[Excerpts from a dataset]
=== Begin Enclosure ===
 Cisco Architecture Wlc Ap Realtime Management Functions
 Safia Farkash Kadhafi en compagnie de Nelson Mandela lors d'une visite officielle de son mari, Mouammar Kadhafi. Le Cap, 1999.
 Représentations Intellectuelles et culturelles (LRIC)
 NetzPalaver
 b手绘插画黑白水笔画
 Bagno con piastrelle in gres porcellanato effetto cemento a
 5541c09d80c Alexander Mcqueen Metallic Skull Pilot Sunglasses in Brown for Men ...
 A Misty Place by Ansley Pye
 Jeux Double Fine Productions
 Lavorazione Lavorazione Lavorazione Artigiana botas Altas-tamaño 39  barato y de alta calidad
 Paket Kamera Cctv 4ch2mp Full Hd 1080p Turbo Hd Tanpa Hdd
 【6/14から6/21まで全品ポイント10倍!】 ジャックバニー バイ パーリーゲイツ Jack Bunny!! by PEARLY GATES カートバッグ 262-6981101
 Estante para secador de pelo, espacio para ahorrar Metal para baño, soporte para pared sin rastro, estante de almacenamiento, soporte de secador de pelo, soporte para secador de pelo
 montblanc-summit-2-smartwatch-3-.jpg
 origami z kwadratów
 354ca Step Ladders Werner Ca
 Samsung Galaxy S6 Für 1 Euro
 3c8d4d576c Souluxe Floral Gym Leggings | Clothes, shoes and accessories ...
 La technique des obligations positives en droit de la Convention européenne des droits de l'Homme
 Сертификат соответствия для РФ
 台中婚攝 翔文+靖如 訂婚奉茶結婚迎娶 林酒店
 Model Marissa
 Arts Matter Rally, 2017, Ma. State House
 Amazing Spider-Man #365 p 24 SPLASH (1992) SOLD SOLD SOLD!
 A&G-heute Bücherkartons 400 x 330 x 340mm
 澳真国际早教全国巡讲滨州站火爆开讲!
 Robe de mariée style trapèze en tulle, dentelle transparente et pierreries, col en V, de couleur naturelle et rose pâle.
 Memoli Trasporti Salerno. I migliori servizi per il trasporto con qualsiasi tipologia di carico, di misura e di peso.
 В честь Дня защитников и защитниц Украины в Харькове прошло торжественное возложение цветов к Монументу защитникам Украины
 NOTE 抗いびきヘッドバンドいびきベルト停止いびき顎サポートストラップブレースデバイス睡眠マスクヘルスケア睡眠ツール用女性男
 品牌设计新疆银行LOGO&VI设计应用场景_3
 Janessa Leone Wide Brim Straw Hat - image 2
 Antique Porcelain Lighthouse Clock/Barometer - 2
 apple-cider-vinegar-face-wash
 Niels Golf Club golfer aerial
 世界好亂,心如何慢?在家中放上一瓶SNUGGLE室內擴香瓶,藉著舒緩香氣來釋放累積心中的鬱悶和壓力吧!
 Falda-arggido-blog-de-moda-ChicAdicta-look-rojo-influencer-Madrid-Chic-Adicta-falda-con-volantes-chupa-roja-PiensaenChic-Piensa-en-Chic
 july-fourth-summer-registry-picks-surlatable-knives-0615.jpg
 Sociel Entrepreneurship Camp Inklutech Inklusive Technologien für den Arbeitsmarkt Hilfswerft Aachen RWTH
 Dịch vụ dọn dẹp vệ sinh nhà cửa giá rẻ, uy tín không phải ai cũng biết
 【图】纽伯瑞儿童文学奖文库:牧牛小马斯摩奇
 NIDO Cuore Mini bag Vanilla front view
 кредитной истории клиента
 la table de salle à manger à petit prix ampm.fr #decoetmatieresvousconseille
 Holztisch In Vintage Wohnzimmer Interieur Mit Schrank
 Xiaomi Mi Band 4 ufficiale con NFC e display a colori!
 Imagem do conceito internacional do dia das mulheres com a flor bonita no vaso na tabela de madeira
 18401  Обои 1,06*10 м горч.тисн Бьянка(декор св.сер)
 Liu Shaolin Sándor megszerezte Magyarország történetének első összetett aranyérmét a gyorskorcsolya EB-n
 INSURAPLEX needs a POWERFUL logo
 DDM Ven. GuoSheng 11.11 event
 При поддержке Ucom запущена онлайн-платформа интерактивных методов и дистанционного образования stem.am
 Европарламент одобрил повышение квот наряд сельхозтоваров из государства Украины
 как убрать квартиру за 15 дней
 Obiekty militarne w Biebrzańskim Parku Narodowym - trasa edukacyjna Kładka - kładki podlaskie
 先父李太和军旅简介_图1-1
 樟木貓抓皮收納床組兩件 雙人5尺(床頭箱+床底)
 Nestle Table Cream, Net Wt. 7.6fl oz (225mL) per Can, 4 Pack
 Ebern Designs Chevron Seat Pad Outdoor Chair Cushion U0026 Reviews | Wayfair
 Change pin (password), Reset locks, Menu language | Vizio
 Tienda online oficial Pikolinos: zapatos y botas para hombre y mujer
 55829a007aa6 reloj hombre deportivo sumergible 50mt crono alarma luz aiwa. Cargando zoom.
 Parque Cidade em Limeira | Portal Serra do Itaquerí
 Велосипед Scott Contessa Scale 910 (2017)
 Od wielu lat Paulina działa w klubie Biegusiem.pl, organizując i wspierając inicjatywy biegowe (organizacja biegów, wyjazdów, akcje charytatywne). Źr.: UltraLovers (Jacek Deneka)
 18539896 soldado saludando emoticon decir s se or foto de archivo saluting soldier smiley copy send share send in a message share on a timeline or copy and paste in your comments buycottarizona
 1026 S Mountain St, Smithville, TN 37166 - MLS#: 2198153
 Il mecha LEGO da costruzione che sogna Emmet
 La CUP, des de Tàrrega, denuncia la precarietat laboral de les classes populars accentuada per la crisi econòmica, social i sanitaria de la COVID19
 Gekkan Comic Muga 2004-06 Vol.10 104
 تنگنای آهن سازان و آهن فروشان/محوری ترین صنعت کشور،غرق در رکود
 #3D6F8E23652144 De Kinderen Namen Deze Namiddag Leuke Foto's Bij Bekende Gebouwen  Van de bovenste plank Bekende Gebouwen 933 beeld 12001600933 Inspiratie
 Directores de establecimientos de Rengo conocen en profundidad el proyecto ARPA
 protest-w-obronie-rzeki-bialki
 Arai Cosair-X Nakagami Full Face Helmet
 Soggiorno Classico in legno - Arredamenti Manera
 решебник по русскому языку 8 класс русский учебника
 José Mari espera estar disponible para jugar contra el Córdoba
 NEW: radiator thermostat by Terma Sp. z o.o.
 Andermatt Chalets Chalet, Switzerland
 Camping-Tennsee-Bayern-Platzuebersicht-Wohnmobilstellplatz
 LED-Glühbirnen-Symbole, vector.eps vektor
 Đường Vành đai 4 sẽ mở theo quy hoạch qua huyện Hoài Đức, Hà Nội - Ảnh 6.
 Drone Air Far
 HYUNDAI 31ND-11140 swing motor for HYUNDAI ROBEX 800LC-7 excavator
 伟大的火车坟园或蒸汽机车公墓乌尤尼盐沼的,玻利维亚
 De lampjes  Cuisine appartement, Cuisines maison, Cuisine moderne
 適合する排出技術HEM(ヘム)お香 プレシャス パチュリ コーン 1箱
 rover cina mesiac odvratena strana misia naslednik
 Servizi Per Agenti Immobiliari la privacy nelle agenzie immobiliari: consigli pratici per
=== End Enclosure ===
From the records above, repeat exactly the lines from the one with "NIDO Cuore Mini bag Vanilla front view" through the one with "Xiaomi Mi Band", both included.

 NIDO Cuore Mini bag Vanilla front view
 кредитной истории клиента
 la table de salle à manger à petit prix ampm.fr #decoetmatieresvousconseille
 Holztisch In Vintage Wohnzimmer Interieur Mit Schrank
 Xiaomi Mi Band 4 ufficiale con NFC e display a colori!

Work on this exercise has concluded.